Commanders and leaders
- Robert Burnett: Rolf Carls

Strength
- 40 merchant ships 40–50 escorts (in relays) 2 submarines 1 escort carrier (12 fighters, 3 reconnaissance aircraft): 12 U-boats 92 torpedo-bombers 120 bombers long-range reconnaissance aircraft

Casualties and losses
- 550+ survivors rescued 13 merchant ships 4 Sea Hurricane fighters: 4 U-boats, 22–44 aircraft

= Convoy PQ 18 order of battle =

World War II naval convoy

Convoy PQ 18 (2–21 September 1942) was an Arctic convoy of forty Allied freighters from Scotland and Iceland to Arkhangelsk in the Soviet Union during the Second World War. The convoy departed Loch Ewe, Scotland on 2 September 1942, rendezvoused with more ships and escorts at Iceland and arrived at Arkhangelsk on 21 September. An exceptionally large number of escorts were provided by the Royal Navy in Operation EV, including the first escort carrier to accompany an Arctic convoy. Detailed information on German intentions was provided by the code breakers at Bletchley Park and elsewhere, through Ultra signals decrypts and eavesdropping on Luftwaffe wireless communications. The German B-Dienst code-breakers read some British signals and the Luftwaffe used the lull in convoys after Convoy PQ 17 (27 June – 10 July) to prepare a maximum effort with the Kriegsmarine.
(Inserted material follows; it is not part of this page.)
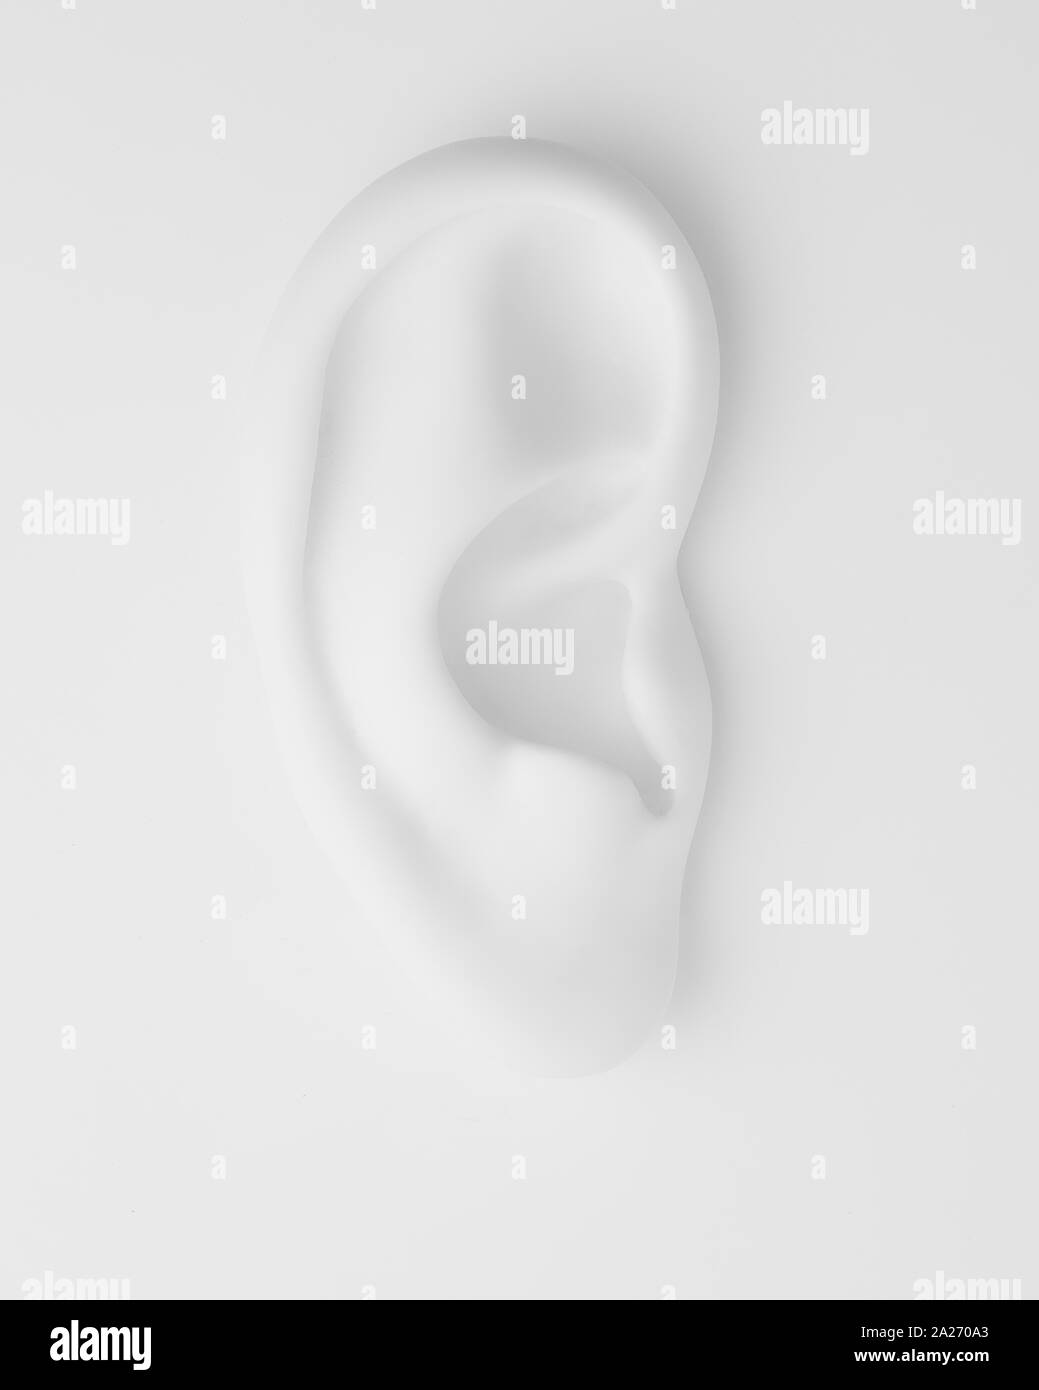 Ear weißer Hintergrund Stockfoto
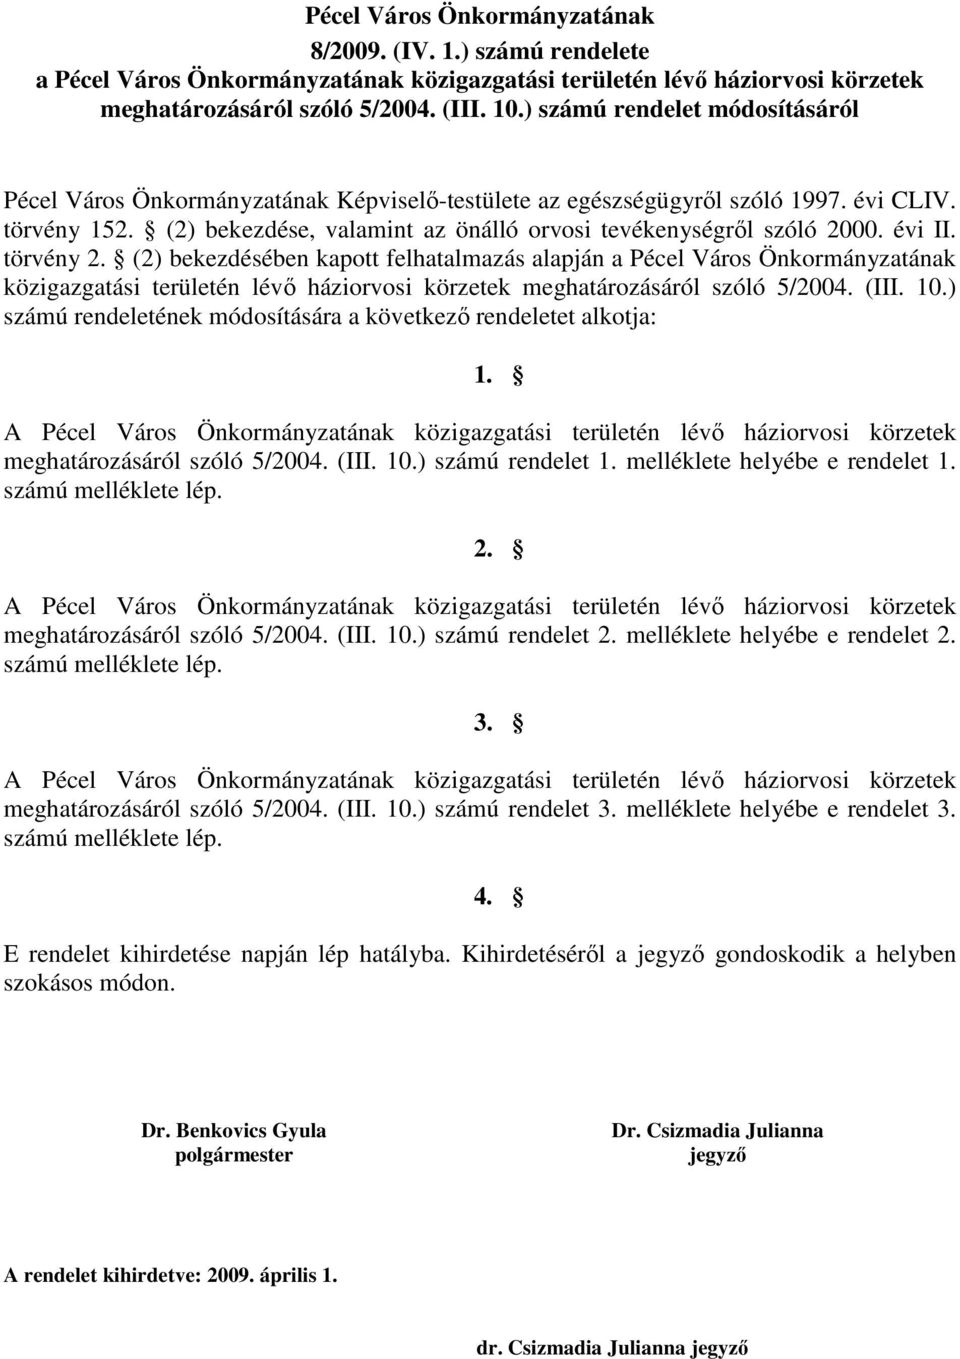 évi II. törvény 2. (2) bekezdésében kapott felhatalmazás alapján a Pécel Város Önkormányzatának közigazgatási területén lévı háziorvosi ek meghatározásáról szóló 5/2004. (III. 10.

From 12 to 21 September Convoy PQ 18 was attacked by bombers, torpedo-bombers, U-boats and mines, which sank thirteen ships at a cost of forty-four aircraft and four U-boats. The convoy was defended by escort ships and the aircraft of the escort carrier which used signals intelligence gleaned from Ultra and Luftwaffe wireless frequencies to provide early warning of some air attacks and to attempt evasive routeing of the convoy around concentrations of U-boats. United States Navy Armed Guard and British Naval and Royal Artillery Maritime Regiment gunners were embarked on the freighters to operate anti-aircraft guns and barrage balloons, which made air attacks more difficult and because of inexperience, occasionally wounded men and damaged ships and cargo, with wild shooting.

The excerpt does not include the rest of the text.